Write the listing below out again in full, dropping its pictures.

▶ [Data extract]
++++++++

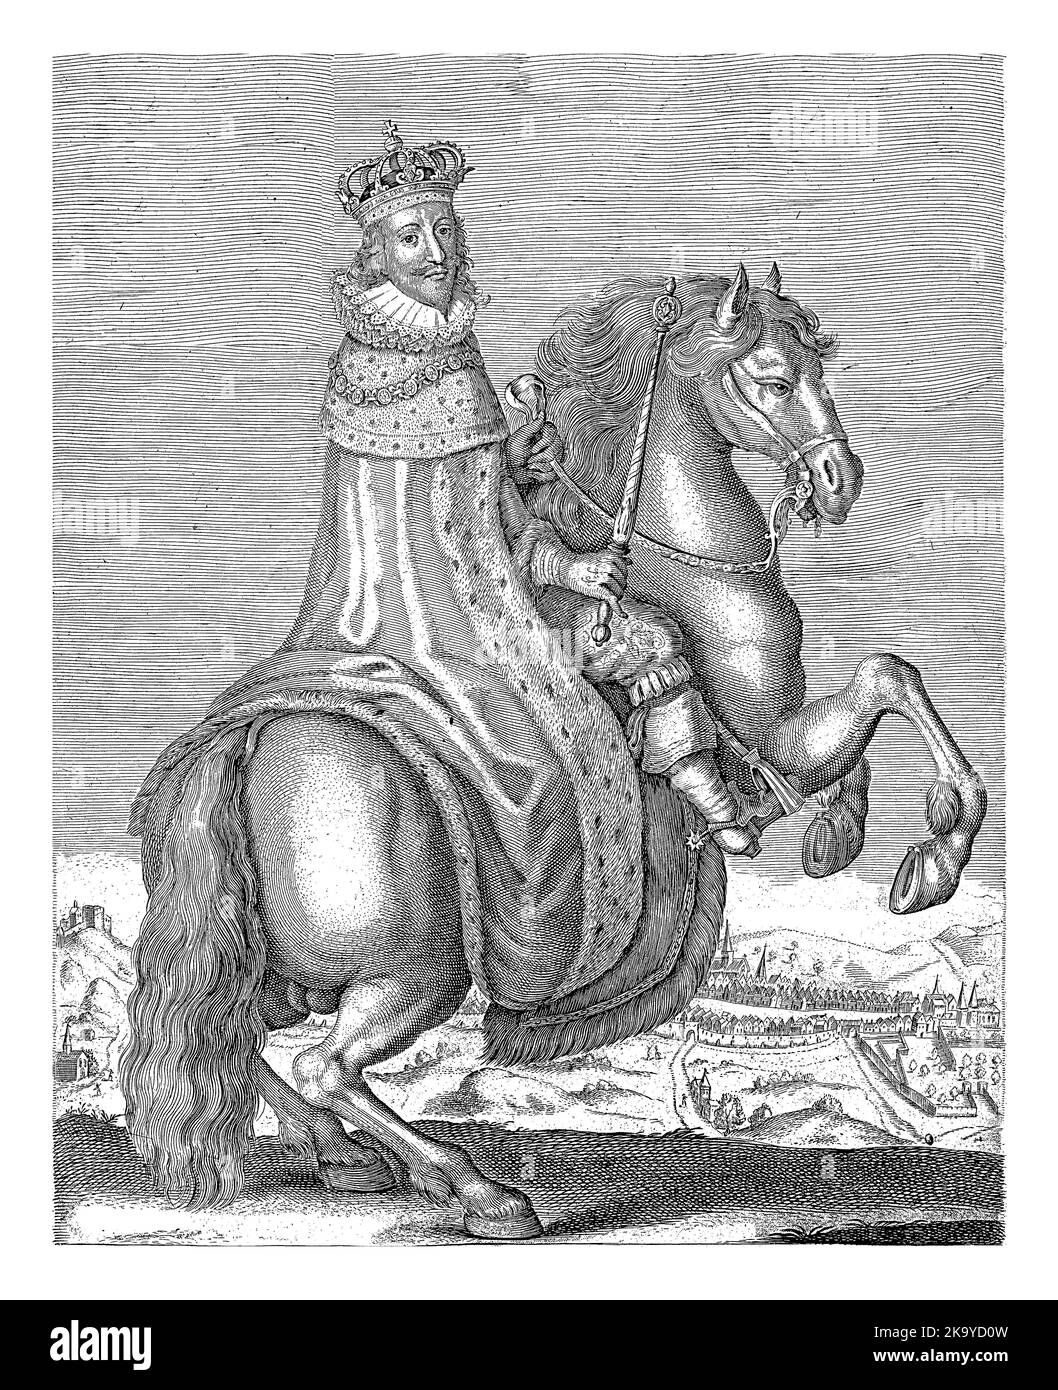 Ritratto equestre di Carlo i, re d'Inghilterra, vestito di mantello reale, con corona sulla testa e scettro in mano. Sullo sfondo è la t Foto Stock
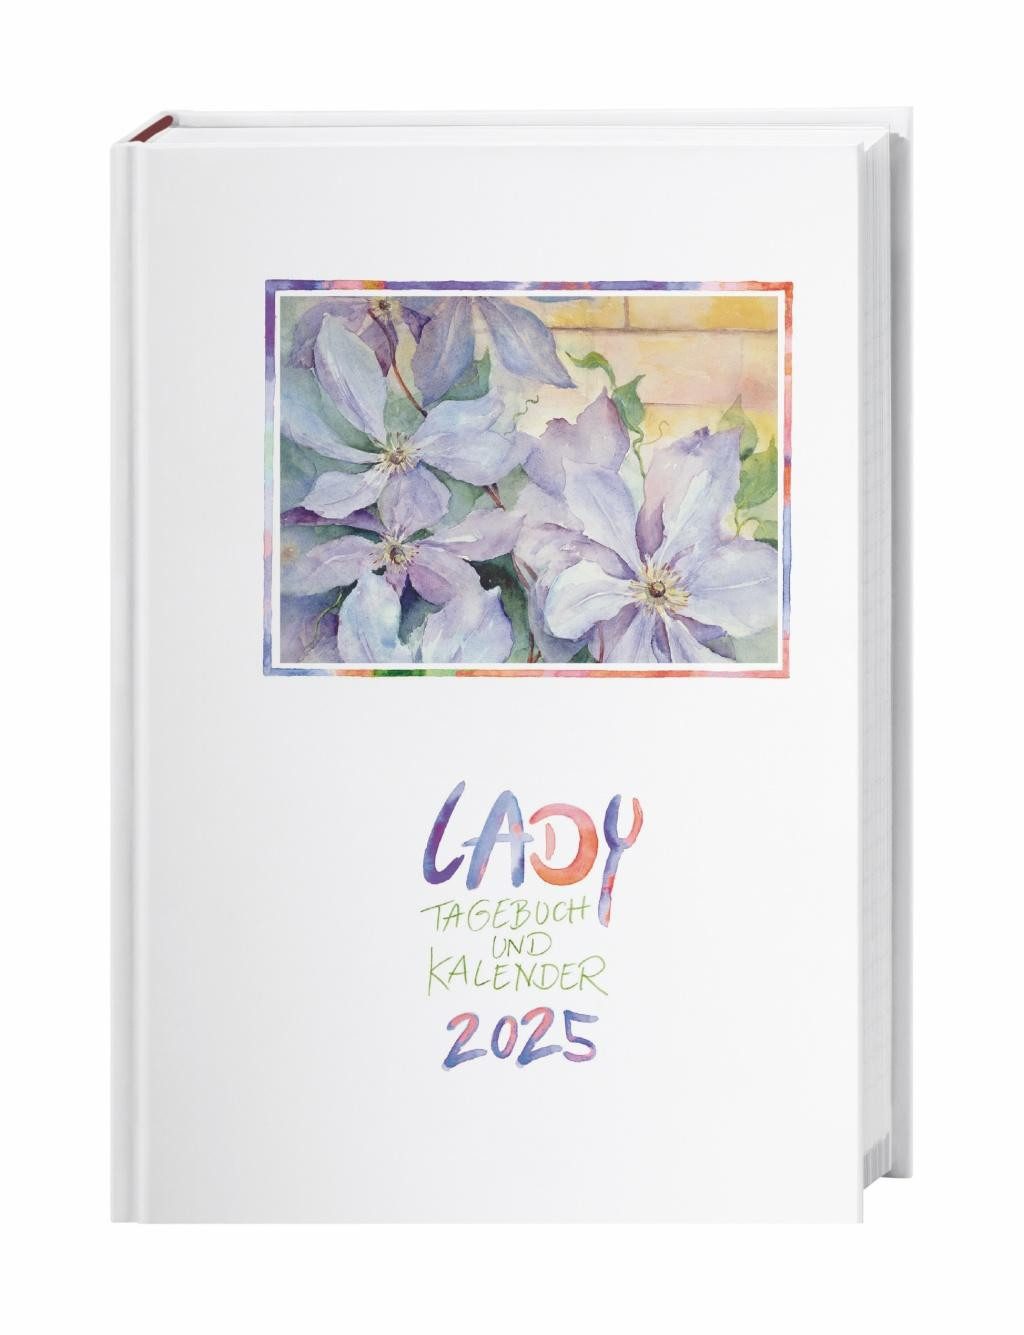 HEYE Terminkalender Lady Tagebuch A5 2025
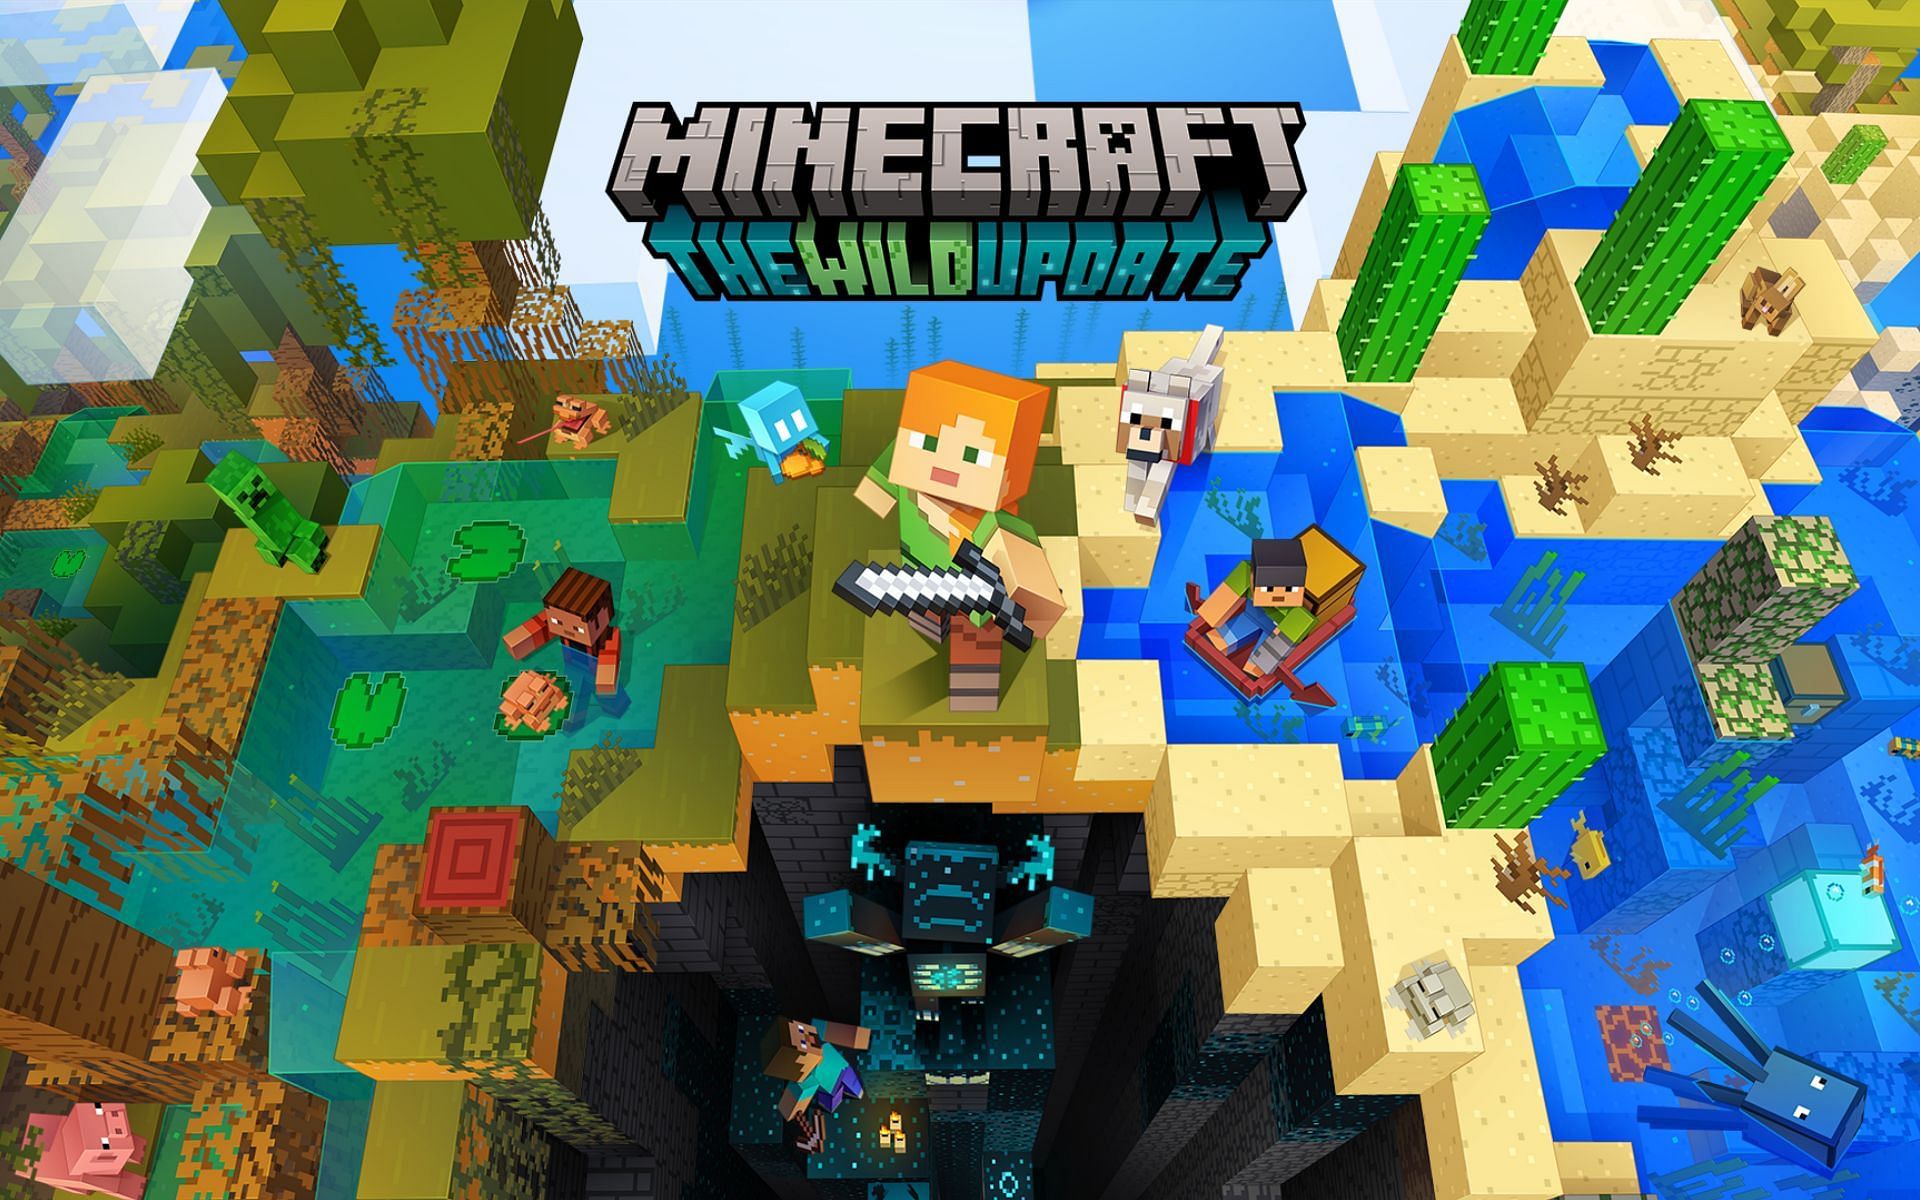 Minecraft Beta & Preview - 1.19.60.22 – Minecraft Feedback

++++++++

▶ [Exercise solution]
 Ritratto equestre di Carlo i, re d'Inghilterra, vestito di mantello reale, con corona sulla testa e scettro in mano. Sullo sfondo è la t Foto Stock
 HEYE Terminkalender Lady Tagebuch A5 2025
 Minecraft Beta & Preview - 1.19.60.22 – Minecraft Feedback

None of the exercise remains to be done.